Question

I have searched SO for this, and have seen some similar questions, but not this question specifically (that I could find, anyway).

I am receiving a curly-brace / semicolon error on the lines before and after these two statements. They are members of the class (not within a class method). When I remove the array assignment line (second line), the curly-brace / semicolon error goes away. I'm dumbfounded, but know there is a simple answer to this.

public class Test {
    private int var1 = 1;

    // These are the troublesome lines
    public String[] name = new String[10];
    name[0] = "Mary"; // When I remove this line, both the errors go away

    public int var2 = 10;
}

The error(s) in Eclipse (Juno) that I am getting are:

Syntax error on token ";", { expected after this token

...on the error placed on the "var1" line, and:

Syntax error, insert "}" to complete Block

...on the "var2" line.

What am I doing wrong? I have tried different variances, like:

(String) name[0] = "Mary";

...and so on.

Was it helpful?

Solution

The problem is that this statement:

name[0] = "Mary";

isn't in a method, or a constructor, or an instance initializer. Only declarations (and initializers) can be at the top level of a class - not statements.

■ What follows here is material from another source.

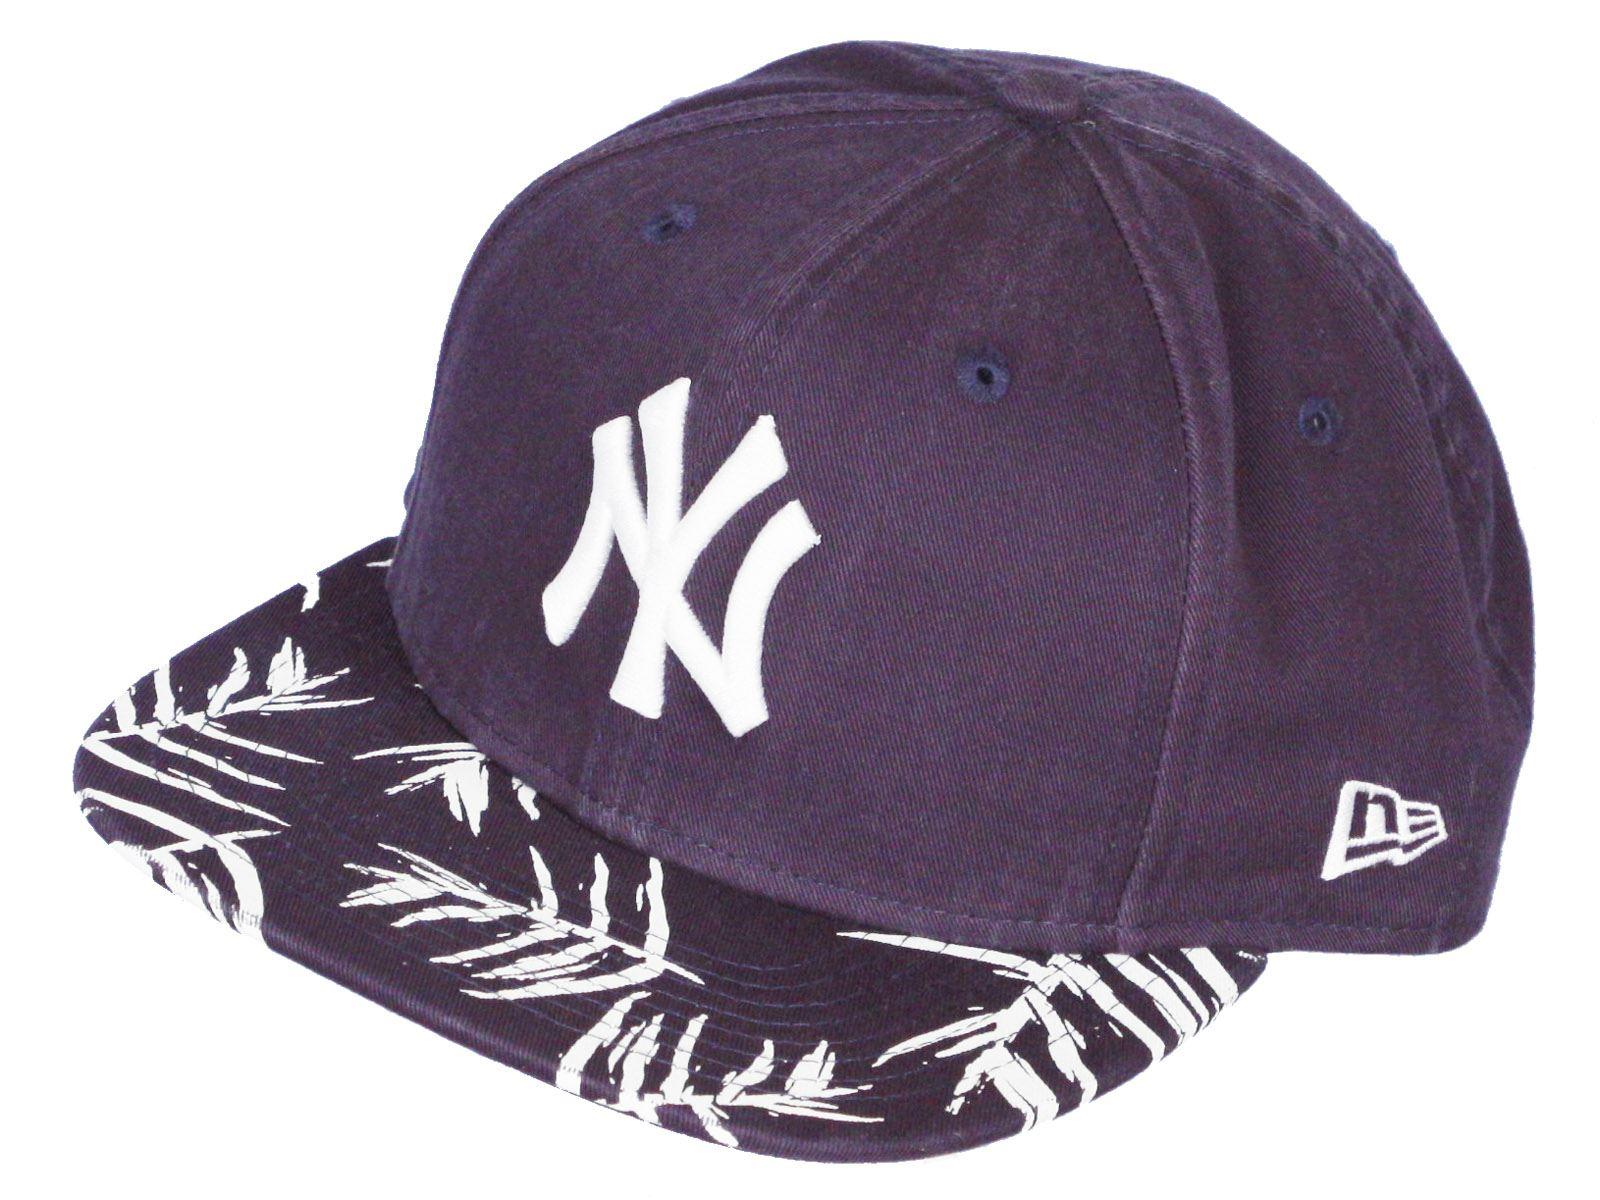 8ed84dc1e37 New Era Sandwash Visor Print 9Fifty Flatbill Cap ~ New York Yankees ...

I suggest you put it in a constructor.

public Test() {
    names[0] = "Mary";
}

OTHER TIPS

public class Test {
    private int var1 = 1;


    // These are the troublesome lines
    public String[] name = new String[10];


    // Use a constructor for initialization or
    // declare the string array as   public String[] name = {"Mary" };
    public Test() {
       name[0] = "Mary"; // When I remove this line, both the errors go away
    }
    public int var2 = 10;
}

In java you have to put statements into methods/blocks.

For example

public class TestB {
    public String[] s = new String[10];


    {
        s[0] = "10";
    }

}

is actually legal (but I wouldn't use it, except maybe for static members)

EDIT: Clarification about static members

Often we have to use pure static objects, in such cases an easy way to provide initialization, is to use an anonymous static block. Something like:

public class TestStatic {
   private String [] someStaticStringArray = new String [10];
   static {
       someStaticStringArray[0] = "foo";
       someStaticStringArray[1] = "bar";
   }
   // Or better with static HashMaps
   private static HashMap<String, String> hm = new HashMap<String, String>();
   static {
     hm.put("key", "val");
     hm.put("key2", "val2");
     hm.put("key3", "val3");
   }
}

For static data members, when I've got no way to provide a factory method or a factory object, I use this way. For non static data members I prefer using constructors, even thou the anonymous block works.

There are many ways to provide initialization in java, I guess personal taste is the main reason for choosing one over another.

For your particular situation I'd go for something like this:

public class TestC {
   // Static data member, constructor does not read data from XML
   private static YourDataObject obj = new YourDataObject();

   public static YourDataObject getInstance(String xmlFile) {
      // Read XML file

      // Actually initialize the instance
      obj.set...(); // 

      // return the instance
      return obj;
   }
}

Try this solution:

public String[] name = new String[10];

//  instance initializer code block comes
{
    name[0] = "Mary";
}

This code block is similar to static initializer blocks ( static { ... } ), but executed at instantiation time, when the variables are initialized.